What do you think of how fans jump on the bandwagon of products or businesses of the shows contestants? On jokersupdates.com, the fans are going crazy trying to get People Water. They want t-shirts and other merchandise. When Chris was on with Ali, they all ordered the t-shirts of his business. Back during Brad’s first season people went to Austin for vacations trying to see him. I know someone who switched insurance companies to get Roberto as an agent. Don’t you think it’s a little ridiculous?

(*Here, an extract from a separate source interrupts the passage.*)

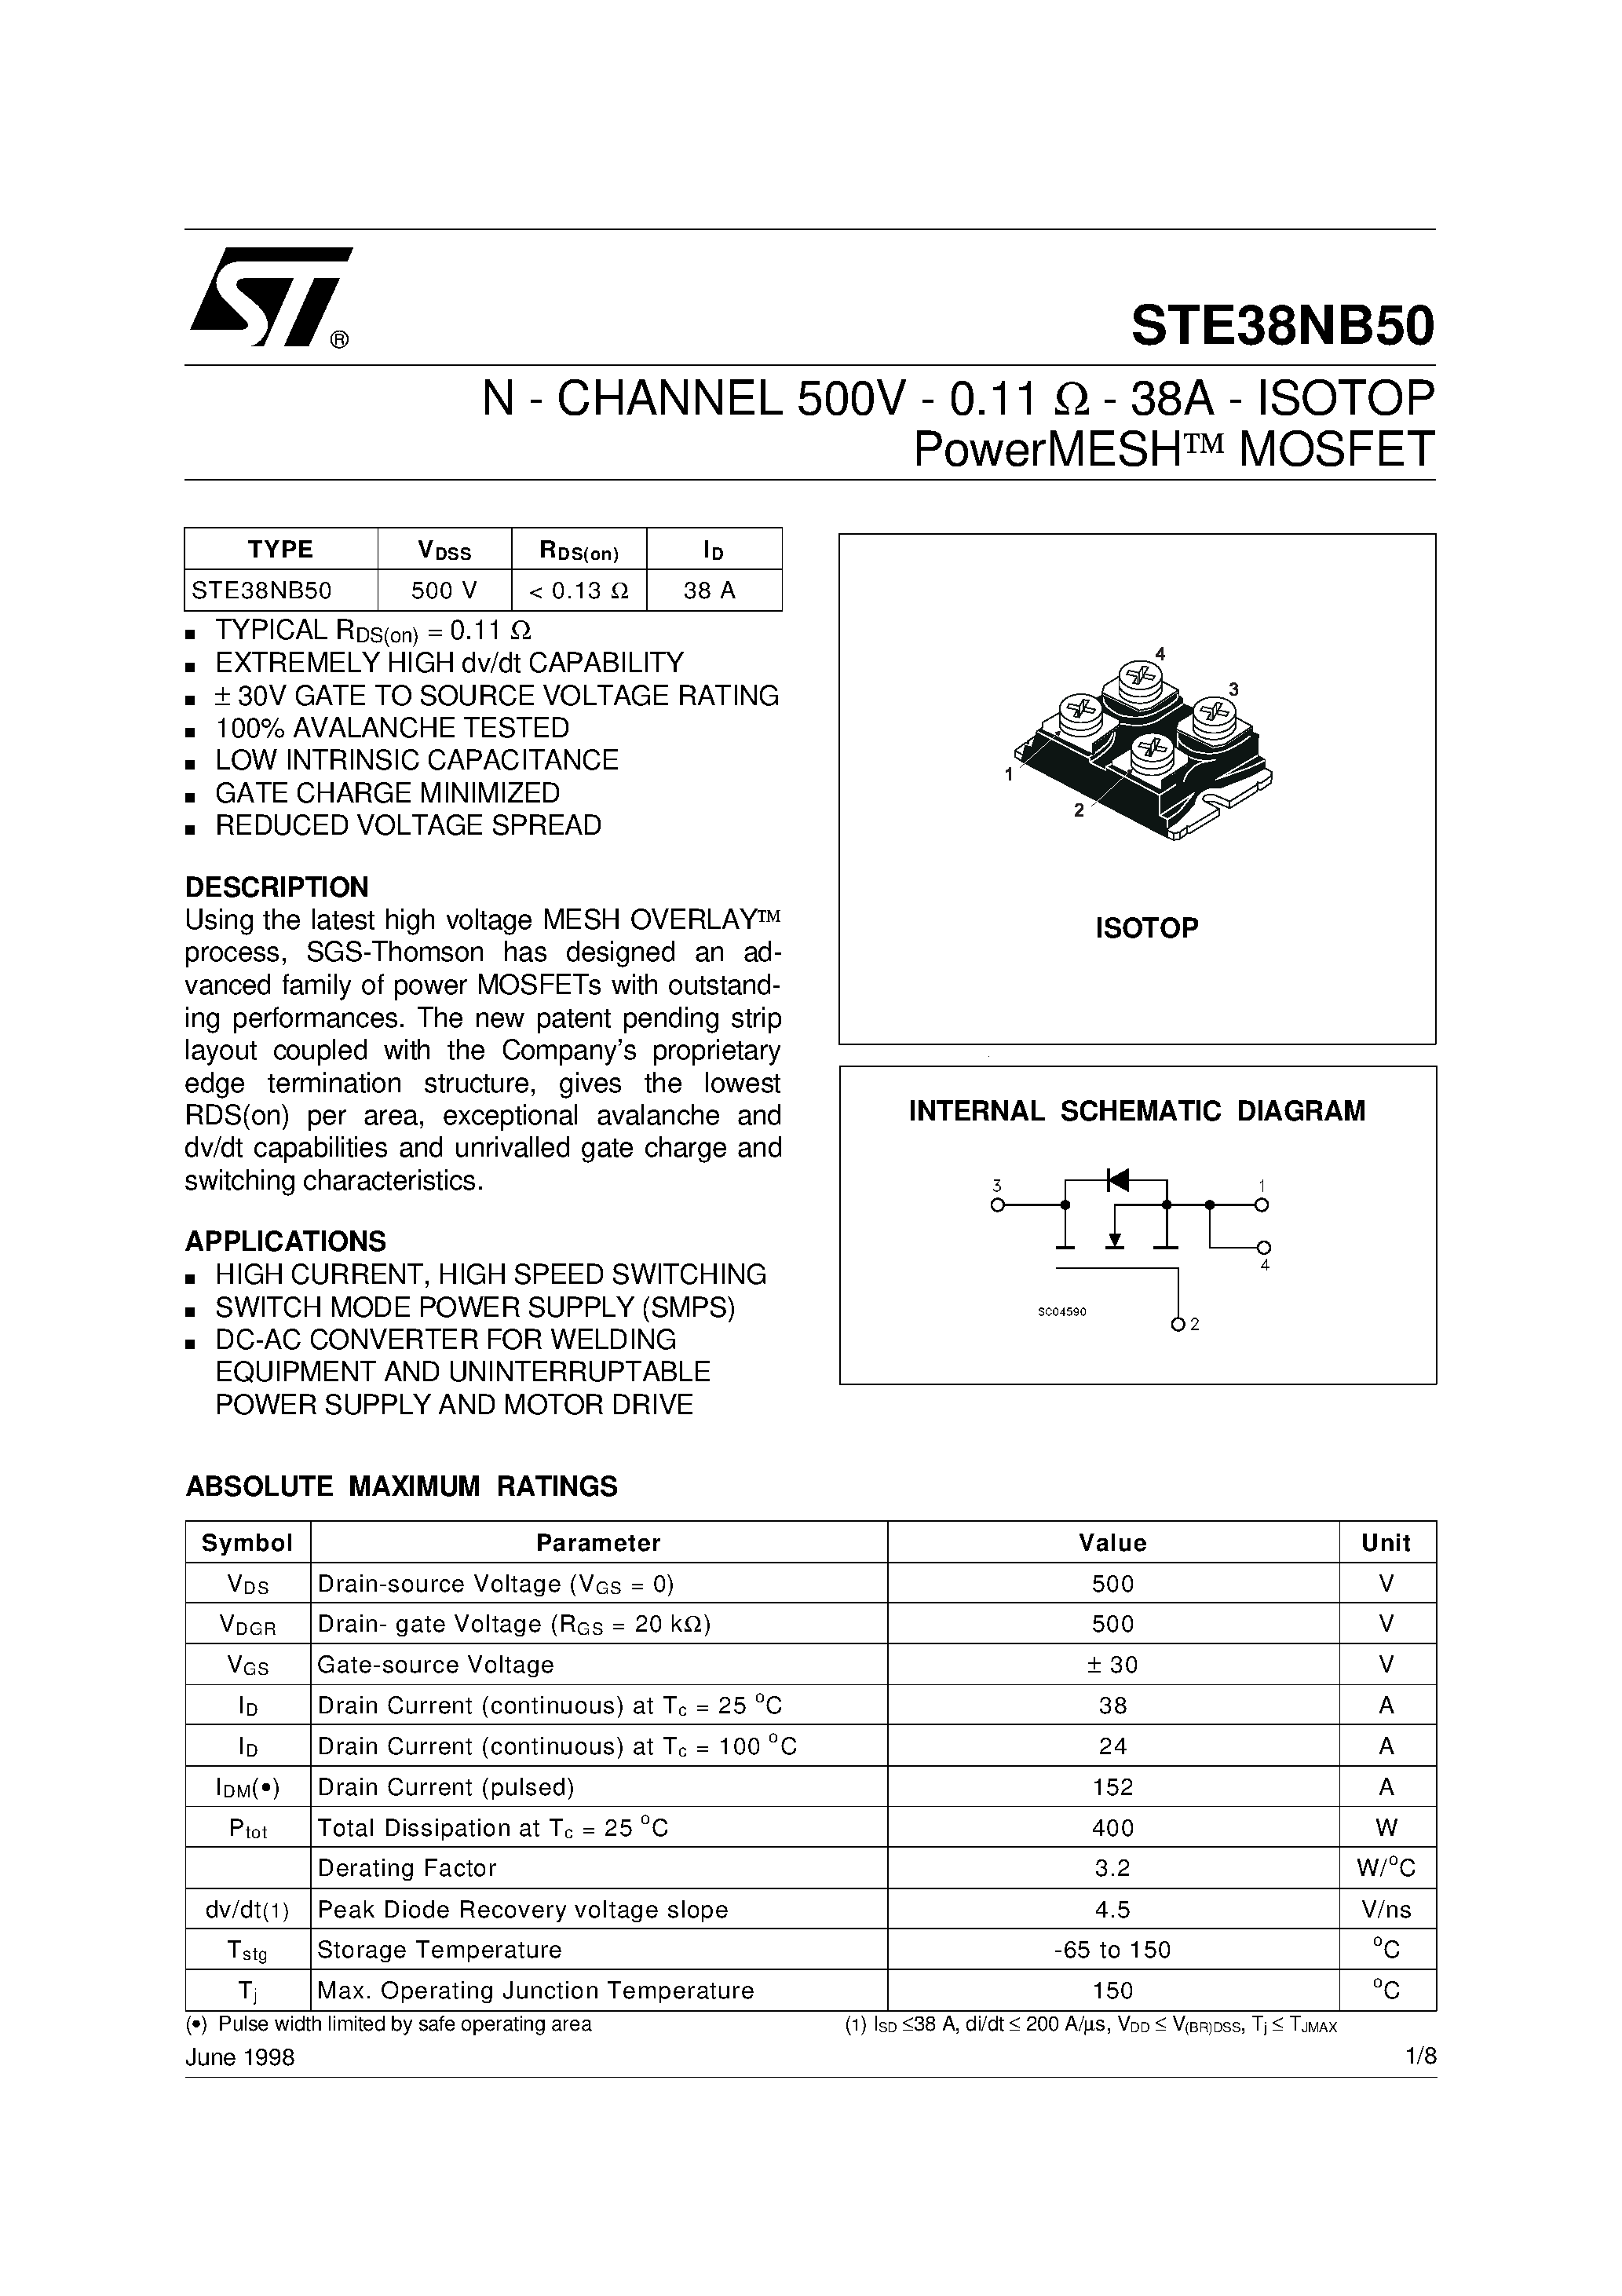 Datasheet STE38NB50 - N - CHANNEL PowerMESH MOSFET page 1

Also, have you seen all the photos of Jef (the former Jeff) and Emily in Africa? Do you think she’s really enjoying herself? Do you think they will burn out like some of the other contestant couples in the past. I don’t see Emily as being that charitable and being willing to give so much time and effort to others and I think the bloom will be off the rose sooner rather than later. She’s even trying to pull off hipster looks and it’s not working and I don’t see her being happy with it all for too long.

Comment: Yes, most fans of this show are ridiculous, maniacal, and borderline obsessive when it comes to certain things. I don’t get it.

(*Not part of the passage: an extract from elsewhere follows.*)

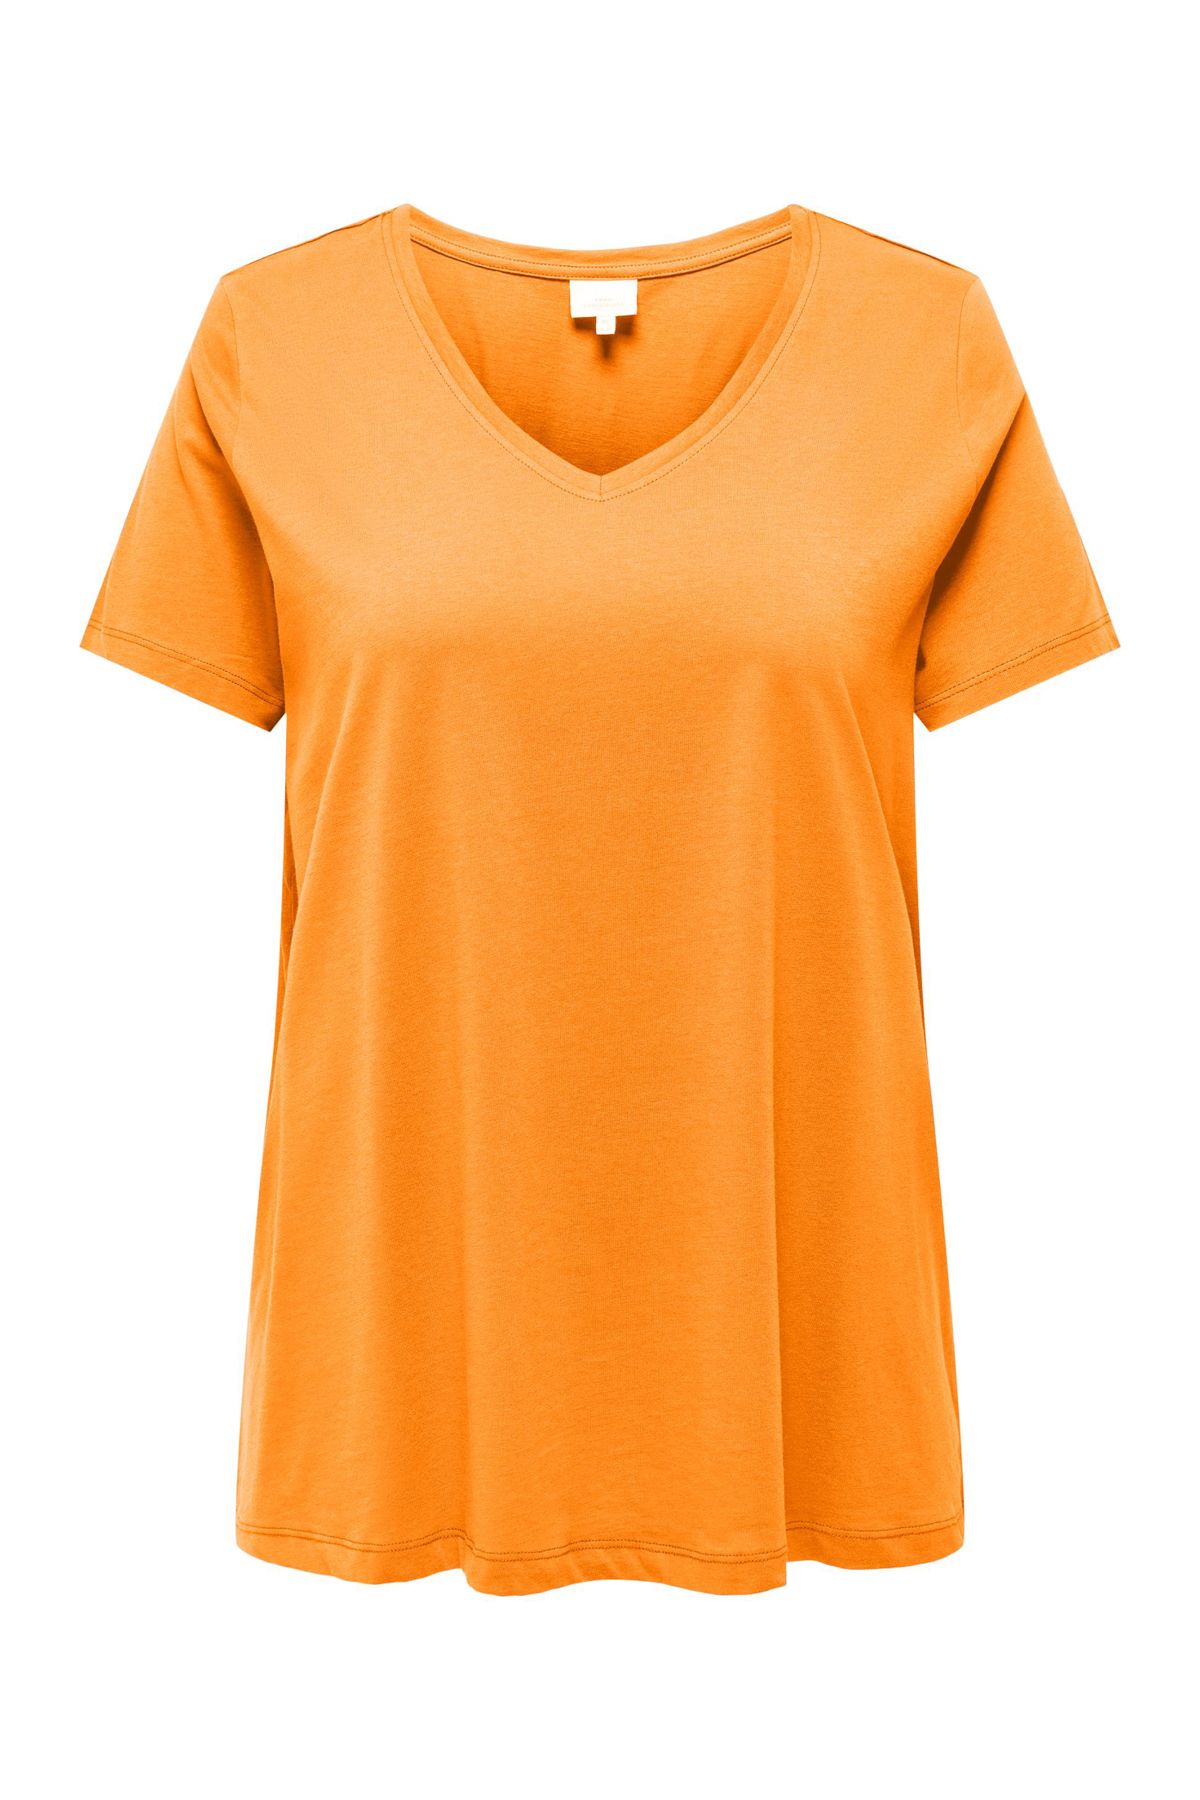 Only - Carmakoma - T-Shirt - Orange fit Trendyol Regular

Yes, I’ve seen the Jef and Emily photos from Africa. They’re still in the honeymoon phase of their relationship, so anything they’re tweeting about each other is what I expect. I remember DeAnna and Jesse started their own website talking about their life, where they were, and wrote almost every day about how much they loved each other blah blah blah and they broke up in 5 months. As I’ve said many times before, the more people tell me on their Twitter or FB how in love they are with their bf, the less I believe them. It’s like they are trying to validate it to the rest of us. Live your life, do your thing, but I don’t see what constantly telling people about it will do, because inevitably when you break up, you’ll look back and realize how dumb that was.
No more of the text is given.